I said (Heaven knows why, except that I think I must have wanted Reggie's opinion of Jevons): "D'you think he's right about his own cowardice?"

Reggie said, "Ask me another. You can't tell. I only know I've seen men look like that and talk like that before an engagement."

Viola raised her head. Her voice came with the clear tremor of a bell:
"And did they funk?"

"They didn't run away, if that's what you mean. I daresay they felt like
Jevons. I've felt like Jevons myself."

Of course, knowing Jevons as I do now, I have sometimes fancied his talk about cowardice may have been mere bravado, the risk he took with Reggie. But here again I am not quite sure. I don't really know.

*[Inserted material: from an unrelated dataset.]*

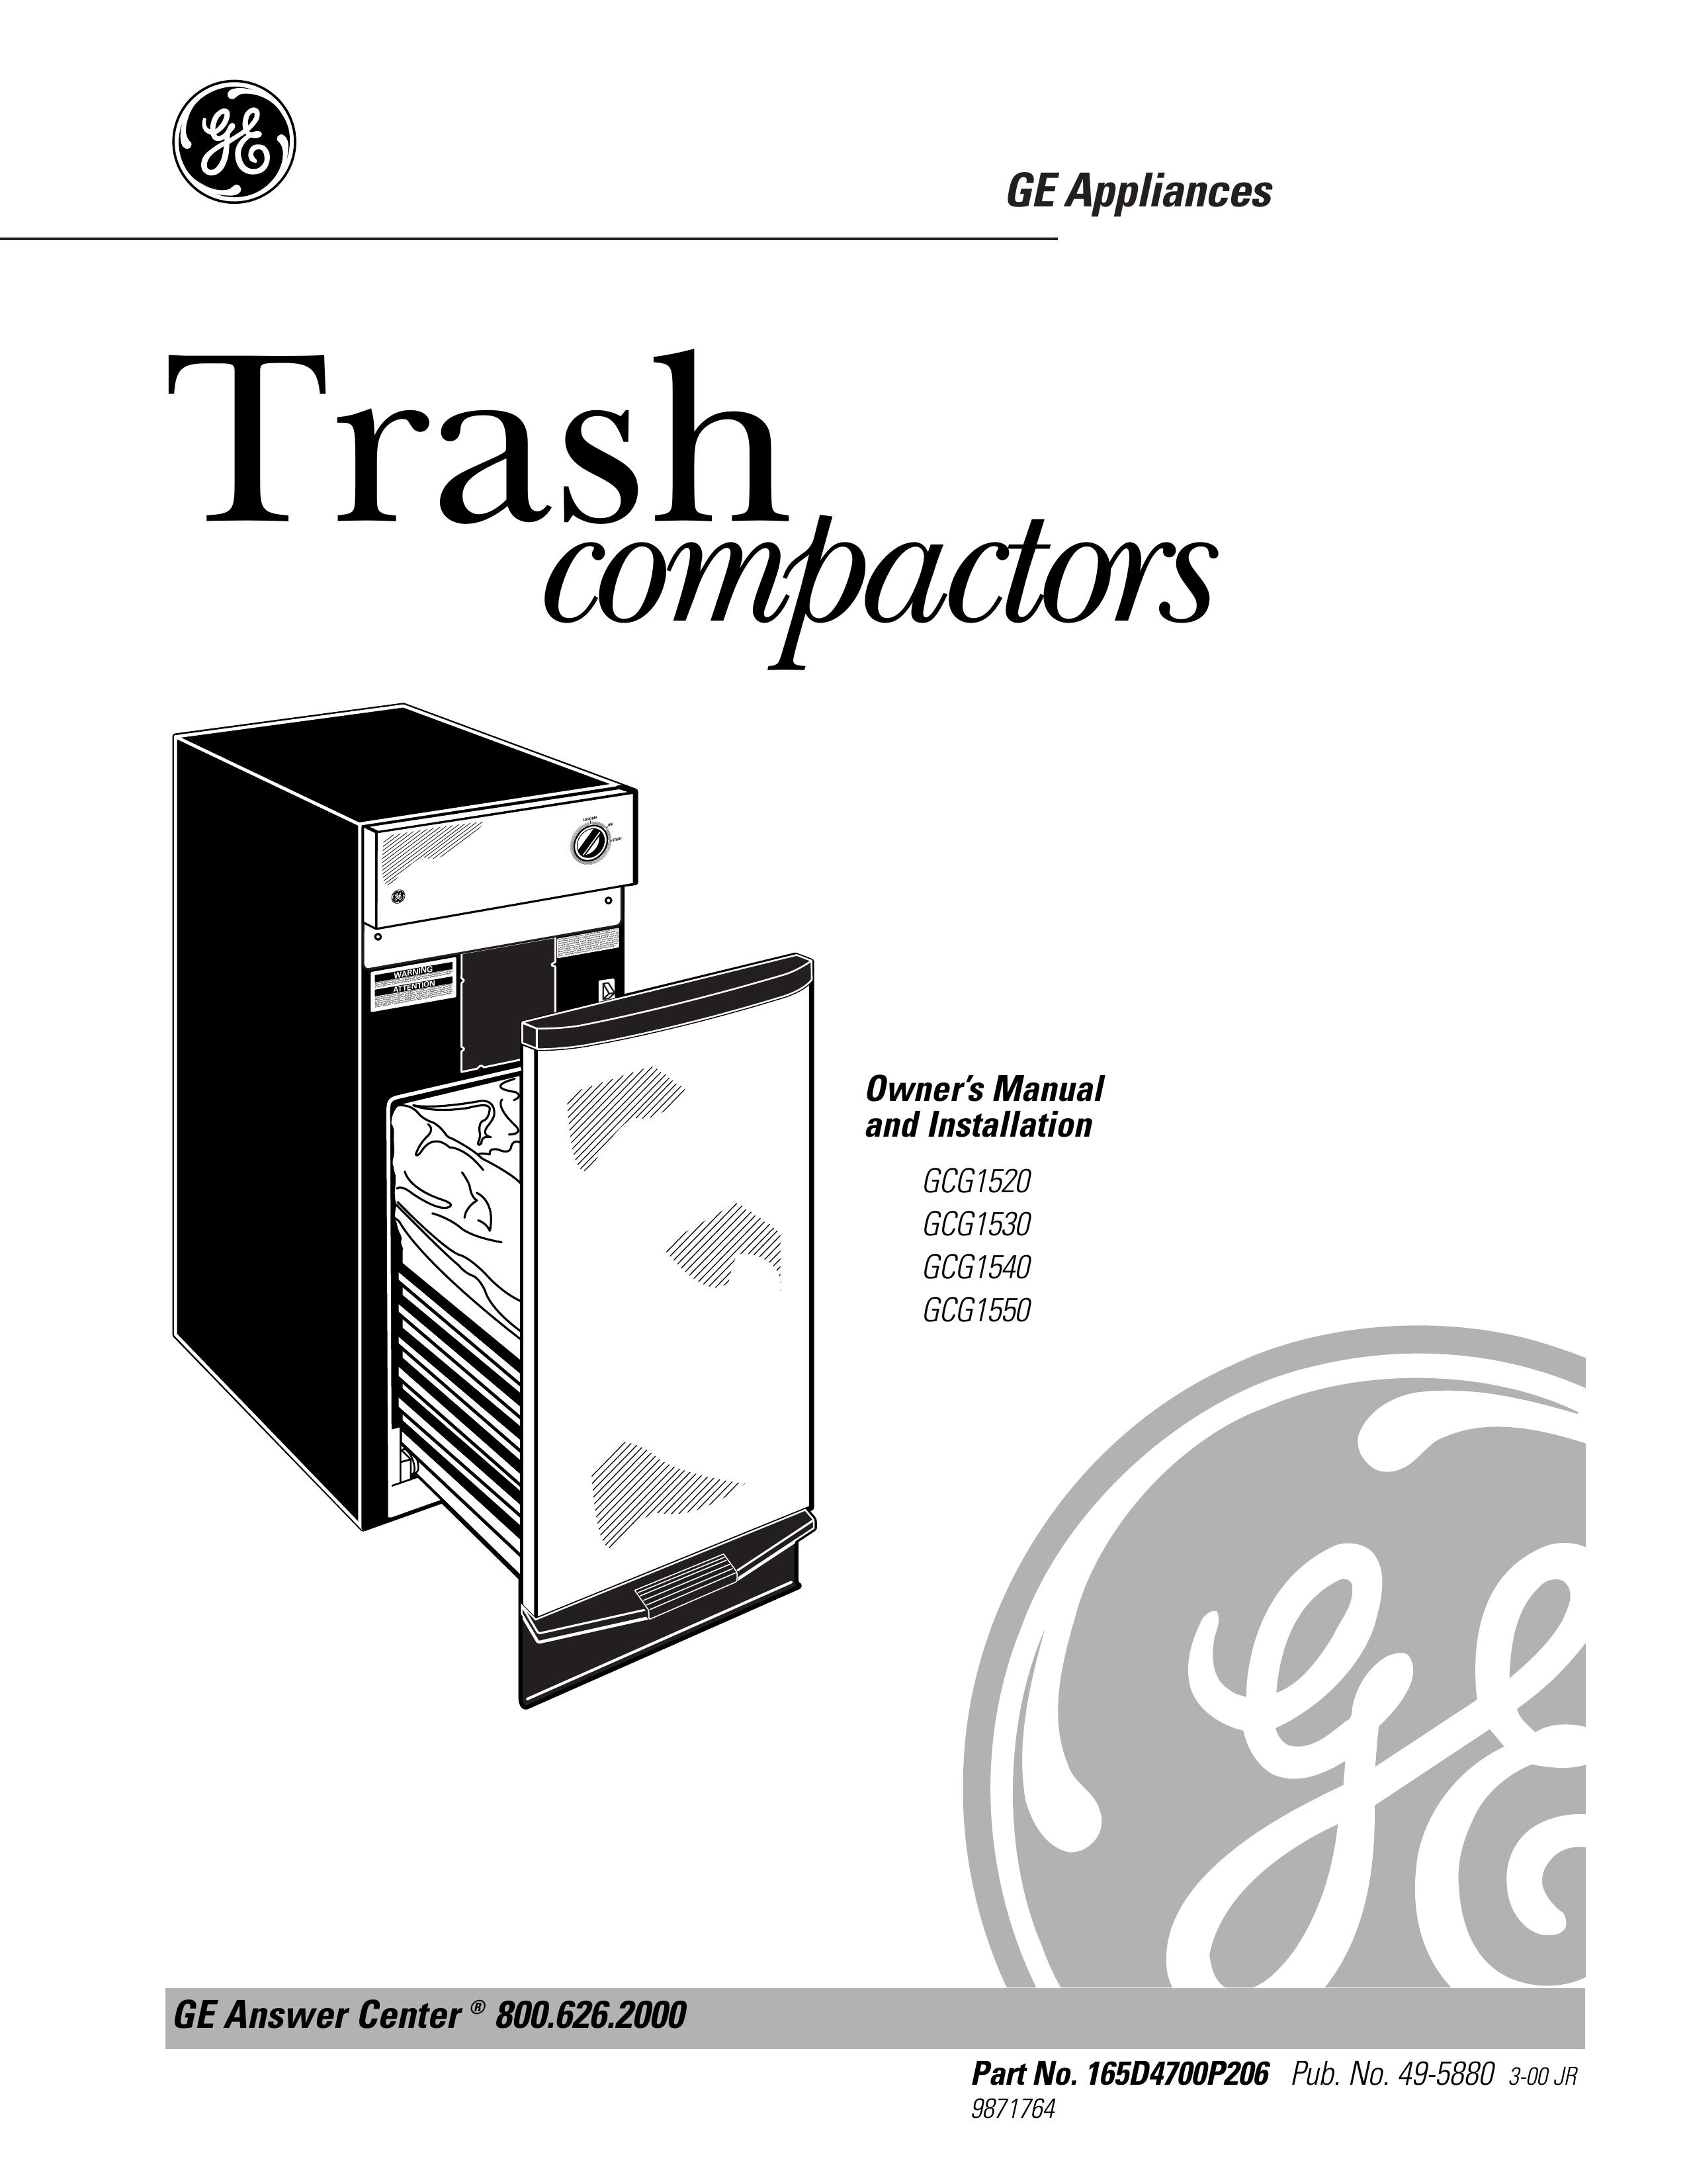 GE GCG1550 Trash Compactor User Manual

I am, however, entirely enlightened as to the game Viola played with me that night.

Jevons had stayed till half-past six. He had talked for two hours and a half. When I got up to go, Reggie suggested that his sister should come and dine with him somewhere in town and do a play afterwards.

She said, All right. She was on. And Furny would come too.

He said, of course I was coming too. That was what he had meant (it wasn't).

And in the end I went. I say in the end—for of course I protested. It was his one evening with his sister. But Viola's poor eyes signalled to me and implored me: "Don't leave me alone with him, whatever you do." She wanted to put off the dreadful moment that must come when he would ask her: "Where on earth did you pick up that shocking little bounder?"